Driving force behind Cambodia’s budding inno-tech market

Overshadowed by the big guns of mobile telecoms technology, internet service providers, and the smartphone industry, the start-up market for digital innovation was barely more than a haltingly growing seedling.

In 2013, with funding from USAID – which noticed a gap in the Cambodian innovation market – came about the creation of Development Innovations (DI) in a bid to foster joint efforts among the tech community, technology companies, and NGOs here.

Its innovation lab, according to Jesse Orndorff, DI’s innovation program manager, is “a co-working space for civil society, with a grant fund to help fund technology ideas, technology event space, and an internship program for youth Cambodians interested in working with technology.”

Prioritising technology ideas that focus on solving development challenges in the Kingdom, the fairly young DI team is now a team of 15 that offers hands-on activities and training for video production centering around storytelling, camera techniques, and video editing.

DI is the missing piece that is sealing the tech market industry in Cambodia, having formed previous partnerships with national household-name brands Ezecom, Cellcard, and MyTeb, since its inauguration.

Orndorff emphasises on the fact that “part of our aim is to help foster partnerships with the private sectors and connect them to project they’d be interested in sponsoring.”

One of the firm’s biggest accomplishments was in 2014 when they gave Cambodians a digital voice by helping to develop a Khmer keyboard app for smartphones. Vanna Kruy, a software engineer who helmed the initially hopeless development, as he had nowhere to turn to for help, said, “I wanted to develop this keyboard app, but I felt alone.

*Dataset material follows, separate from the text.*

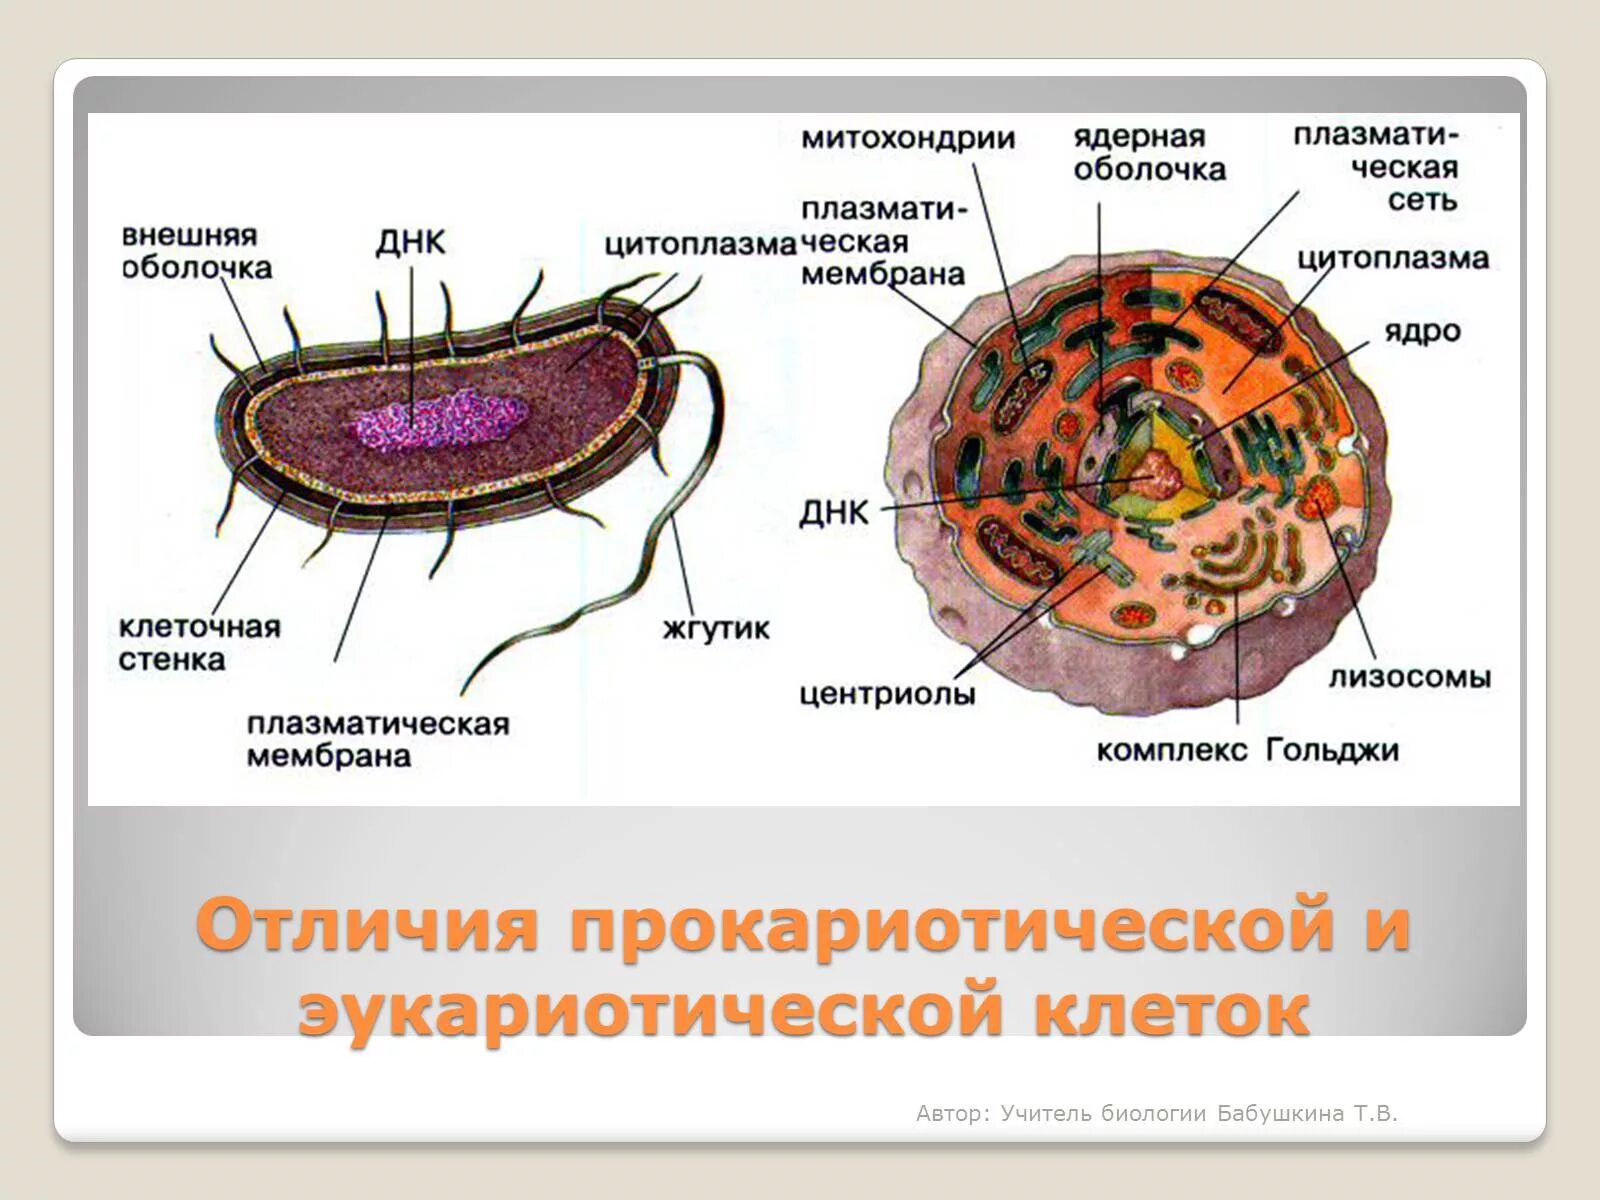 Строение бактерии прокариот. Строение бактериальной клетки прокариот. Прокариотическая клетка bacteria. Строение клетки прокариот бактерии. Клетки прокариот имеют ядро

I posted a picture on Facebook, and someone commented: ‘You should come to the [DI’s] 5D Lab!’” The rest was history, and in April 2015, it was the number one Khmer language app in Cambodia’s smartphone app market, with over 170,000 downloads for smartphones.

While Orndoff sees user design to be the biggest hurdle to overcome in the next few years, he is happy to declare that the DI lab is open to working with anyone interested in addressing development challenges through technology.

“We would love to connect with anyone that has an interest or idea in technology. We are here to coach and provide resources to the community, and our team maintains open office hours and a new coaching lab for the community to test their ideas.”